TASK DETAILS: Copy the listing exactly, please, and keep every picture out of it.

RECORDED DATA:
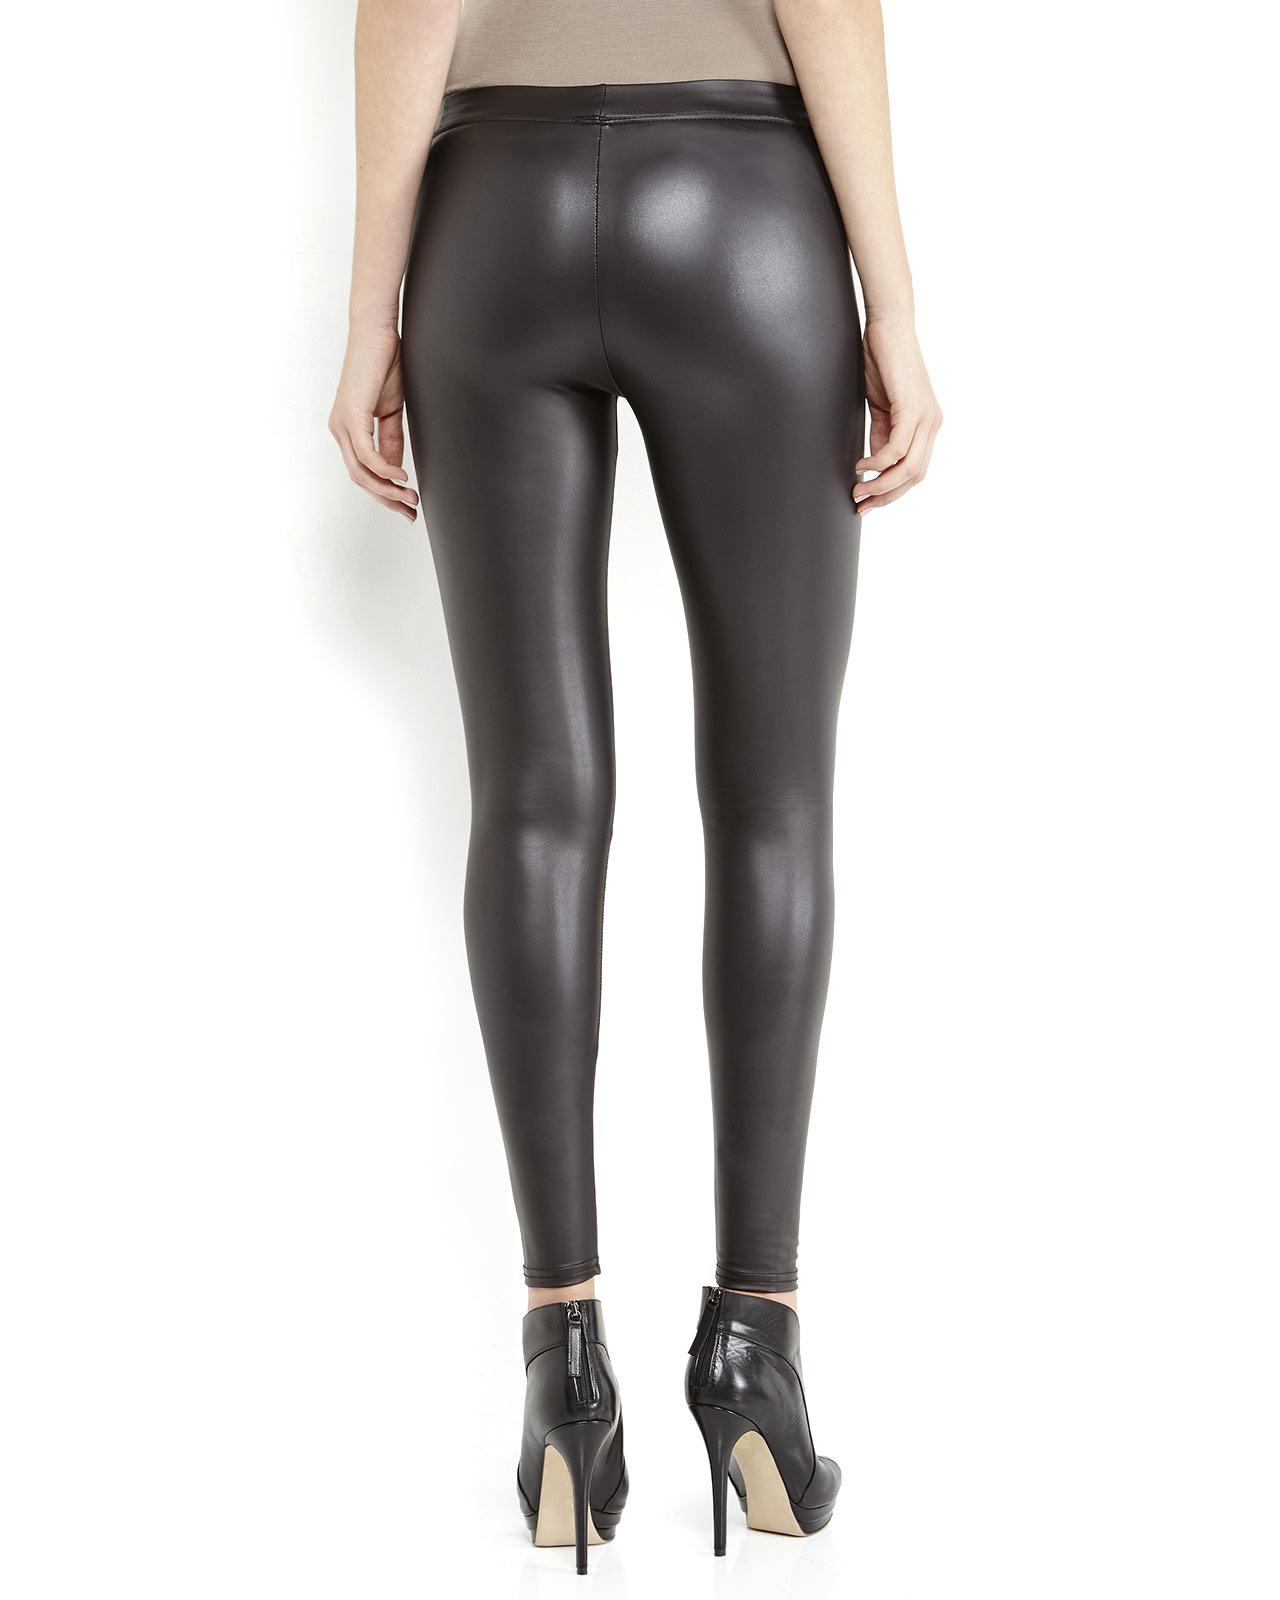 Tag elemental Black Leatherette Leggings in Black
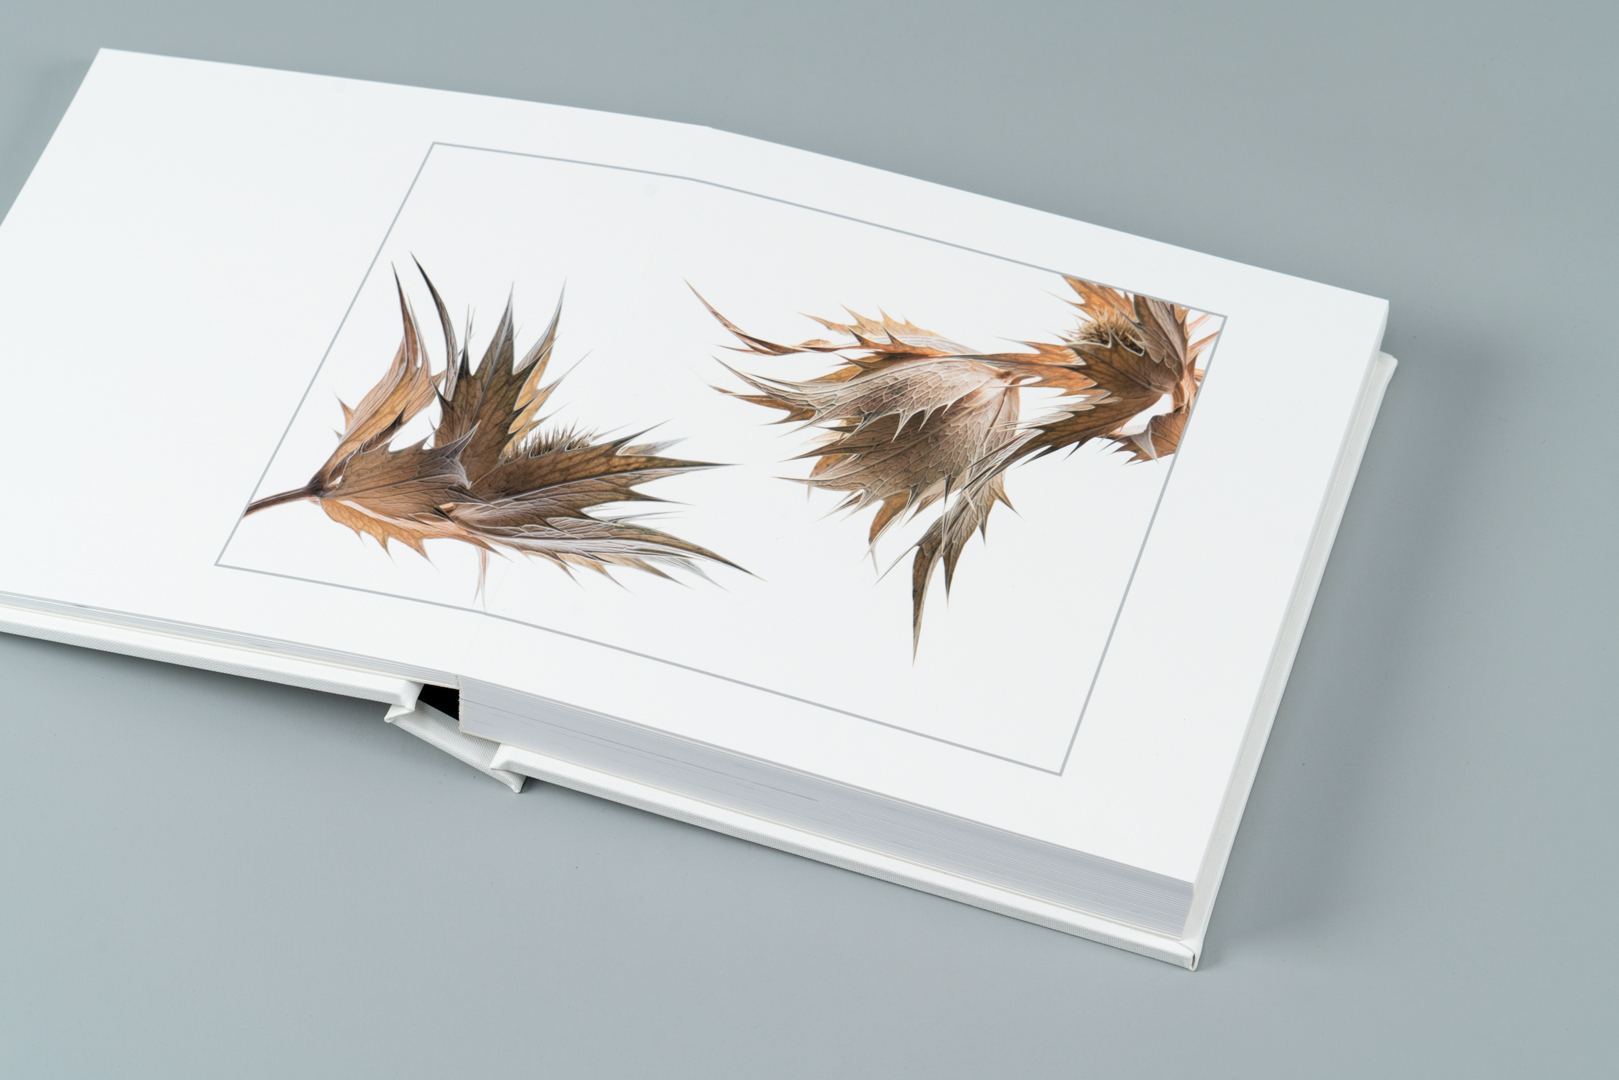 Photo books for fine art photographers
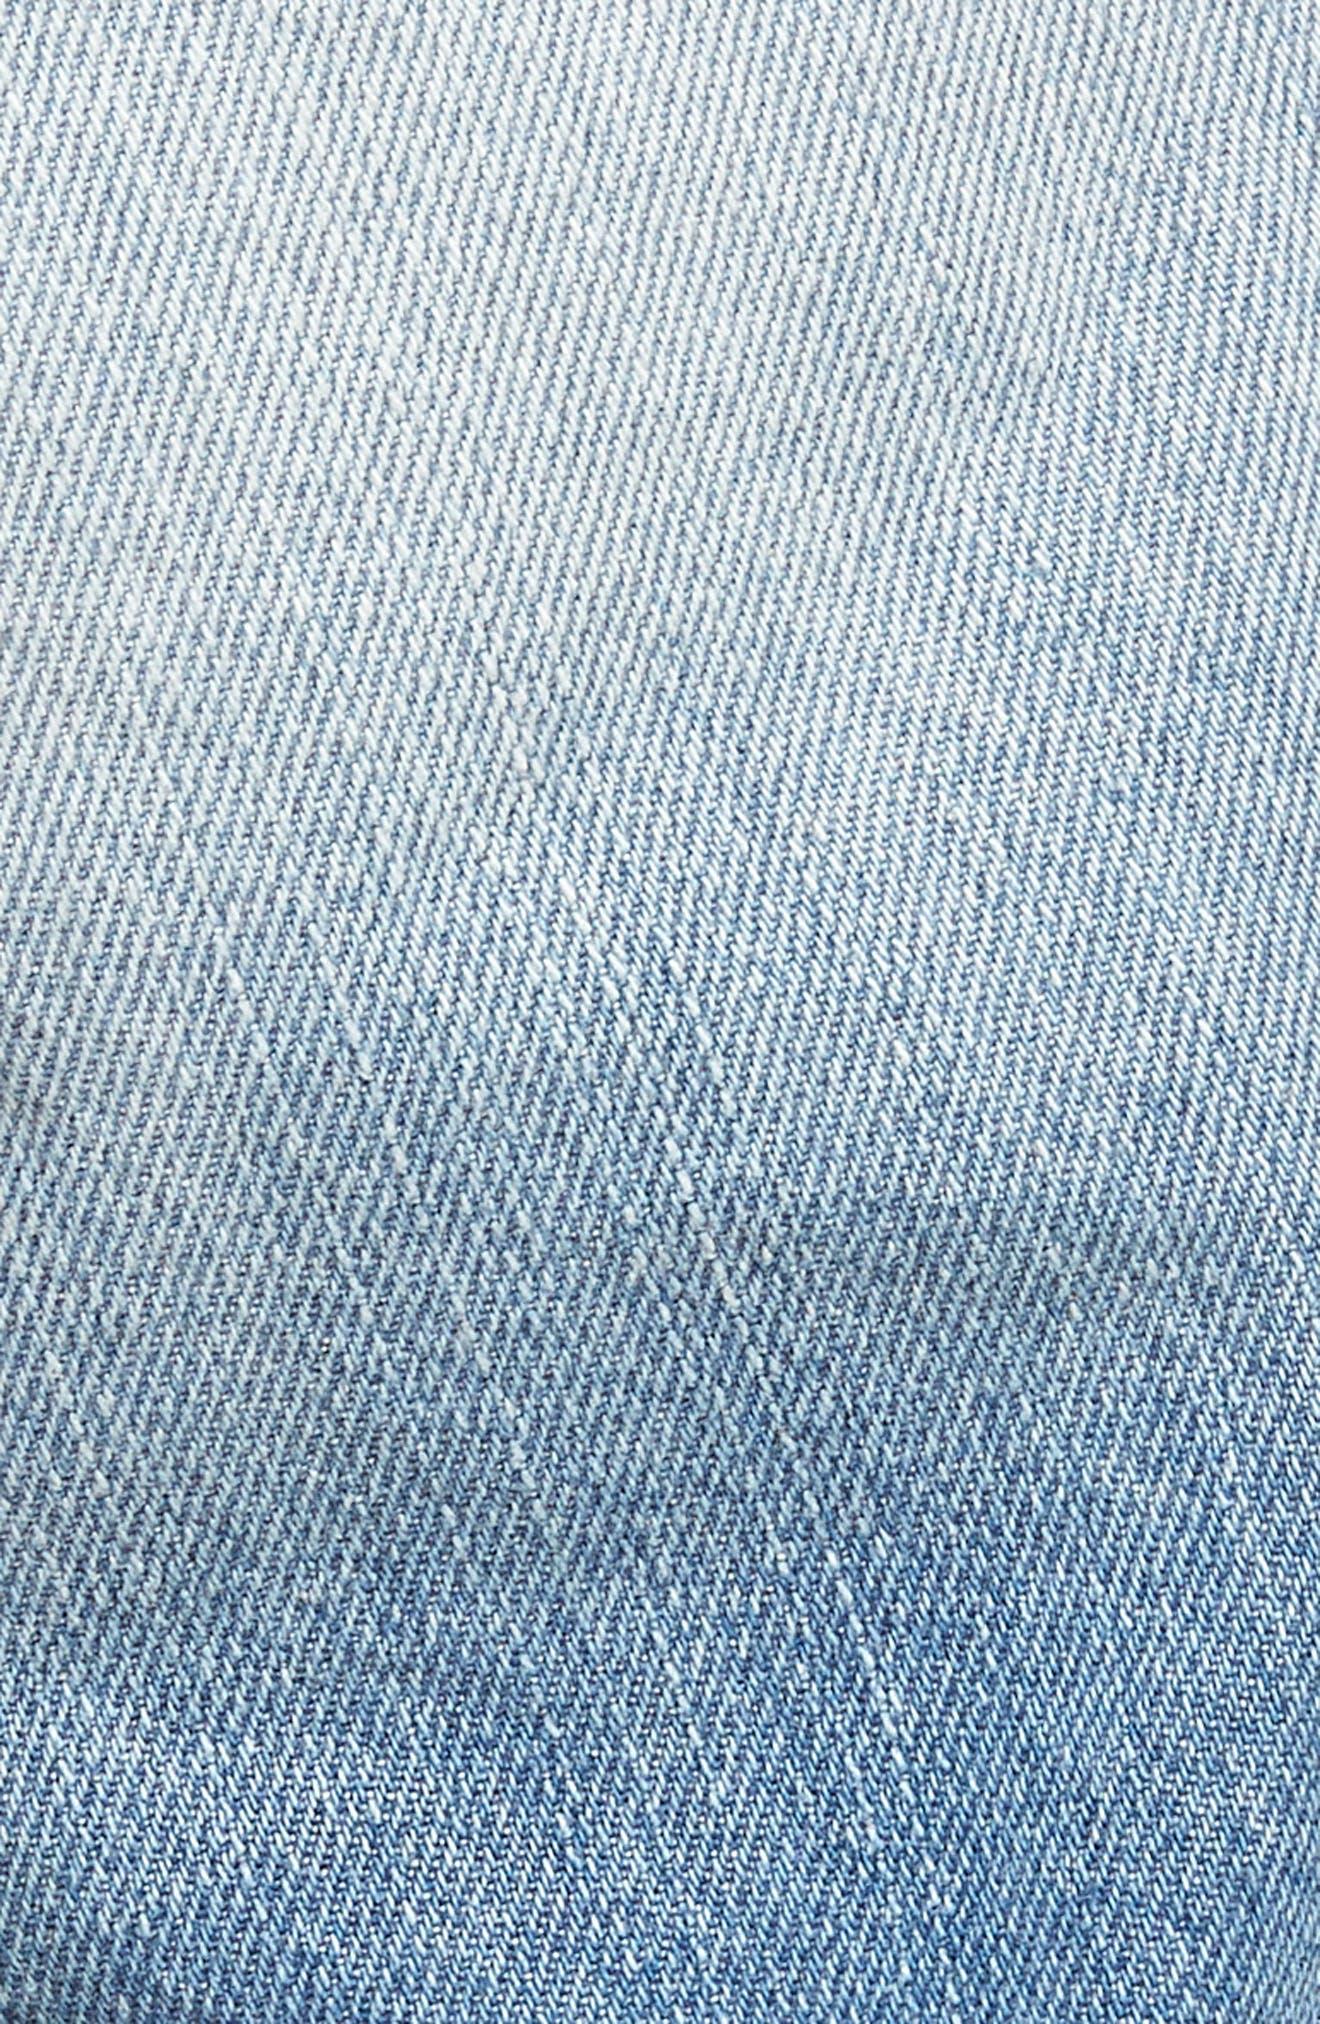 Slim Fit Denim Shorts,                             Alternate thumbnail 4, color,                             Light Aged

RESPONSE TO THIS TASK:
 Tag elemental Black Leatherette Leggings in Black
 Photo books for fine art photographers
 Slim Fit Denim Shorts,                             Alternate thumbnail 4, color,                             Light Aged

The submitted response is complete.